Communiquer sur les réseaux sociaux
Le monde agricole, c’est avant tout « mes » racines. « Cela fait partie de mon ADN ». Et au-delà de sa mission professionnelle, elle participe à la valorisation du travail des agriculteurs à travers les réseaux sociaux. « Ils méritent d’être reconnus pour ce qu’ils font au quotidien, pour leur travail », indique-t-elle. Sa page Facebook est avant tout le relais de l’actualité des producteurs, des agriculteurs, le partage des bonnes adresses, des bons produits. « C’est grâce à eux que je me lève le matin, et je ne suis pas la seule », insiste-t-elle.
Danone la vache de compagnie
Une des passions de Floriane reste les concours d’animaux. « Aller voir des concours, qui plus est, de Normandes, c’est du bonheur. C’est ma race de cœur même si j’ai une Prim’Holstein à la maison. Certains ont des chats, des chiens, des lapins comme animal de compagnie, moi c’est une vache, Danone. C’est ma particularité », sourit-elle. De là à s’installer, pourquoi pas. Le projet est dans un coin de la tête, à l’affut d’une opportunité, mais tout en conciliant « anticipation et communication », deux maîtres mots qui rythment son quotidien aujourd’hui.

Depuis quand existe la journée de la femme rurale ?
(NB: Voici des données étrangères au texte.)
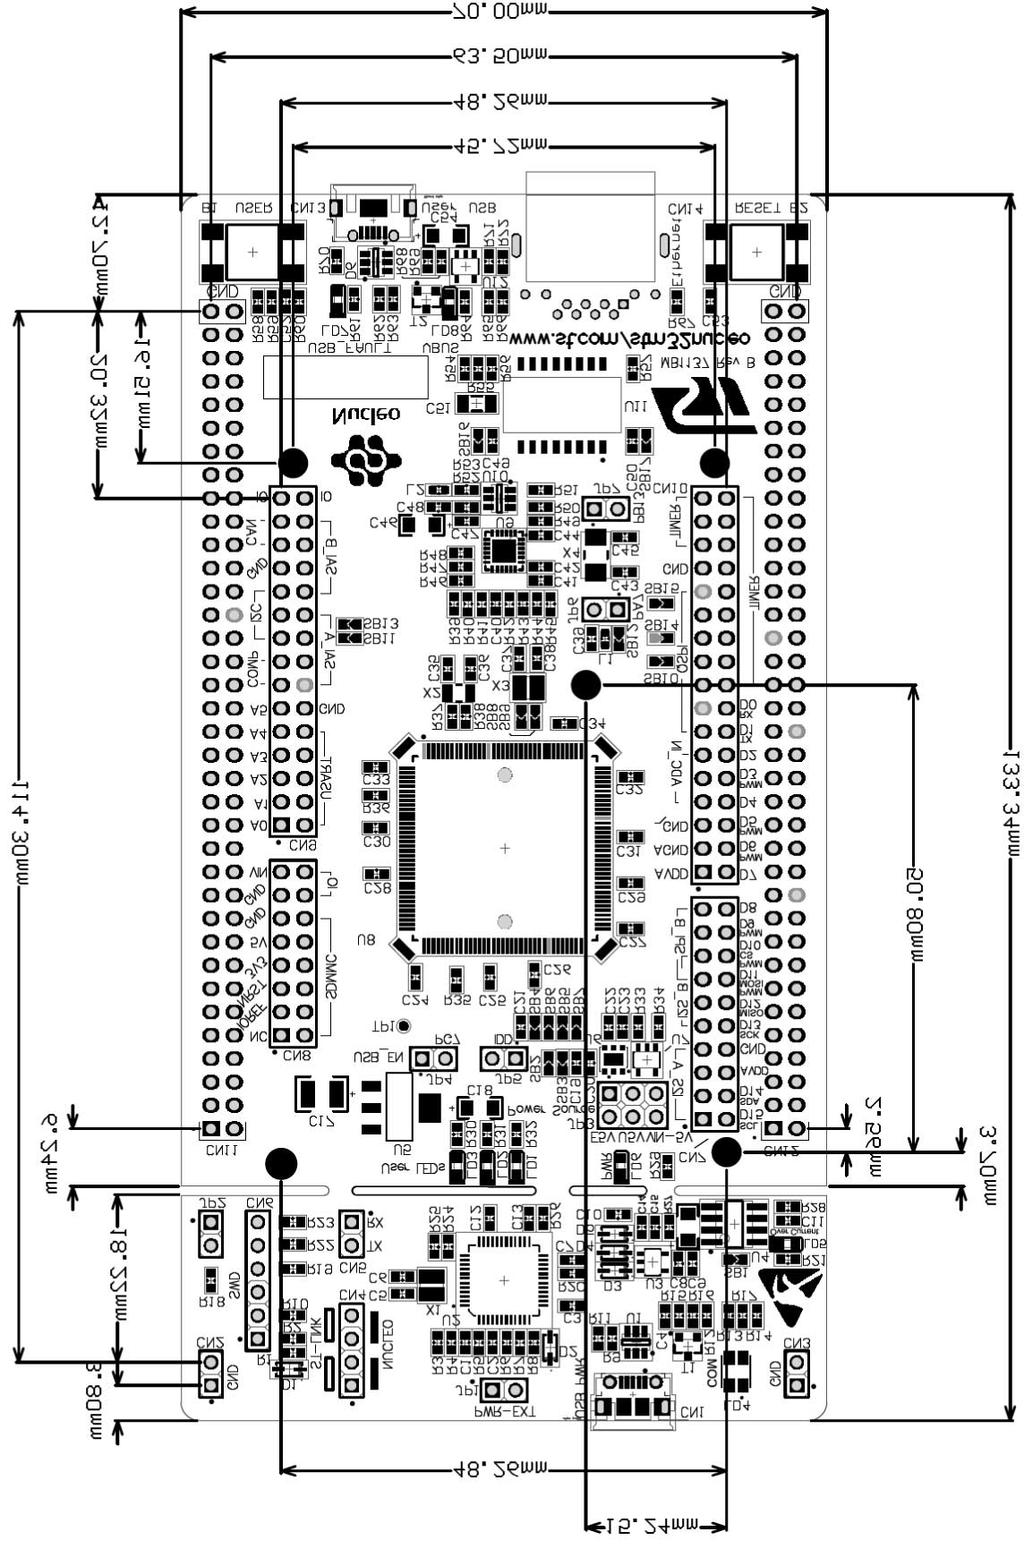 UM1974 Hardware layout and configuration 6.1 Mechanical drawing Figure 6.

En 2007, l’Assemblée générale des Nations unies (ONU) fait du 15 octobre la journée internationale annuelle des femmes rurales. La première a lieu en 2008. Cette journée promeut et reconnait les femmes rurales et leur rôle important dans le fait de renforcer le développement agricole et rural, ainsi que l’amélioration de la sécurité alimentaire et l’élimination de la pauvreté dans le milieu rural.
Les femmes rurales représentent un quart de la population mondiale.
Moins de 20 % des propriétaires terriens dans le monde sont des femmes.